- [Exercise description] Copy out each line of the material that includes the word "Gamage".

- [Available data]
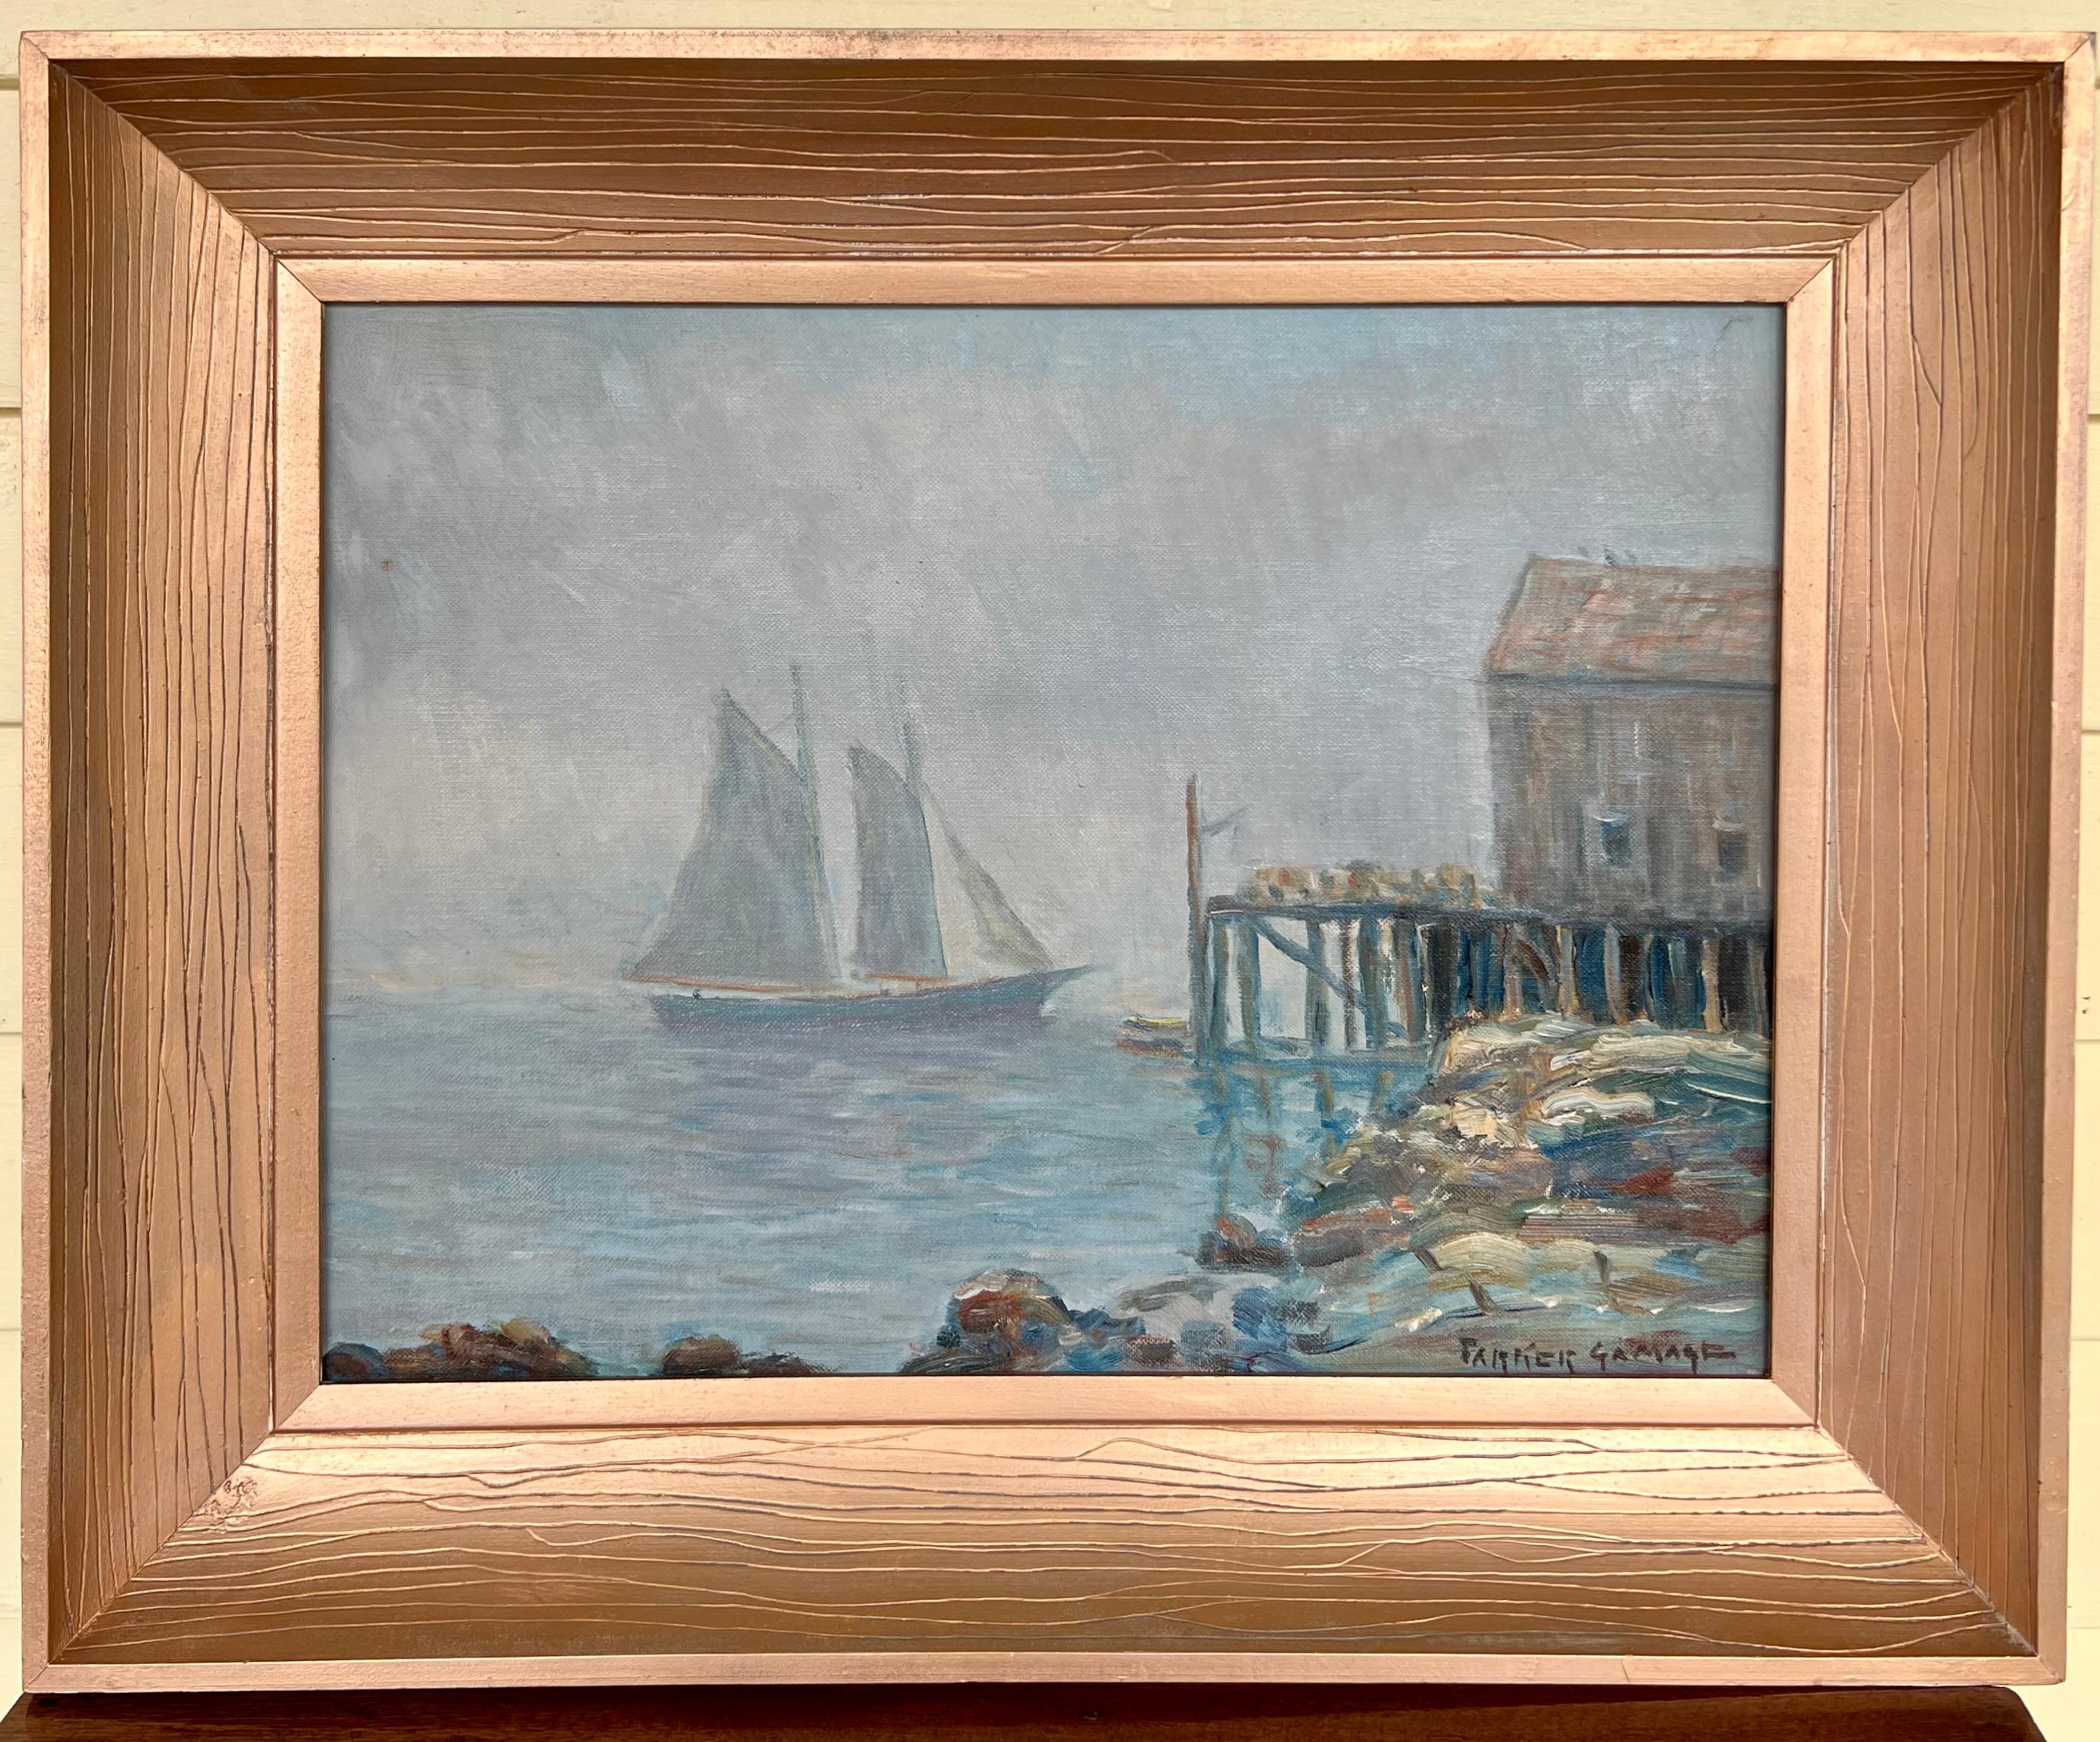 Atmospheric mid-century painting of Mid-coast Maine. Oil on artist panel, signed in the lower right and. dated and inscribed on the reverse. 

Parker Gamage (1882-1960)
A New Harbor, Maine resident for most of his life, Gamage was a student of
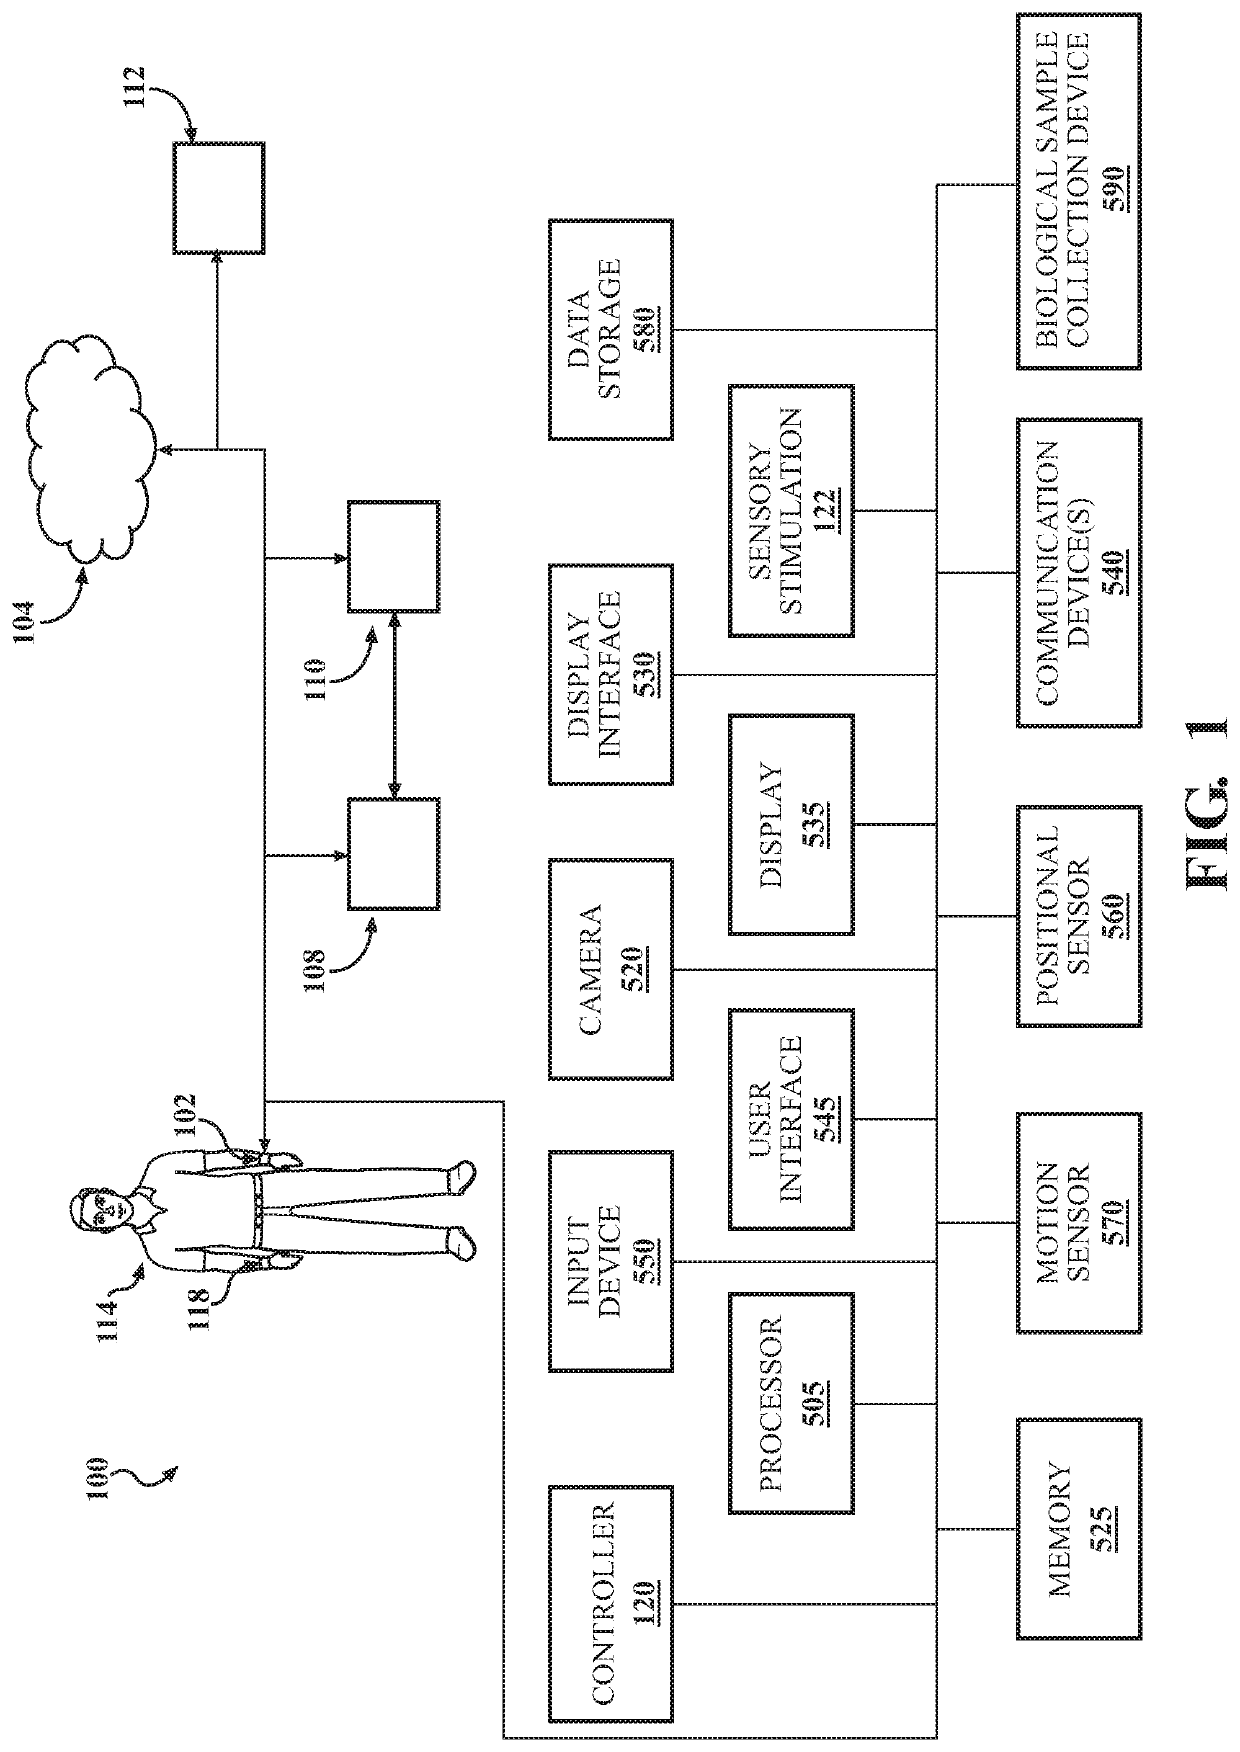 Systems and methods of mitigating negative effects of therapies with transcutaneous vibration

- [Answer box]
Parker Gamage (1882-1960)
A New Harbor, Maine resident for most of his life, Gamage was a student of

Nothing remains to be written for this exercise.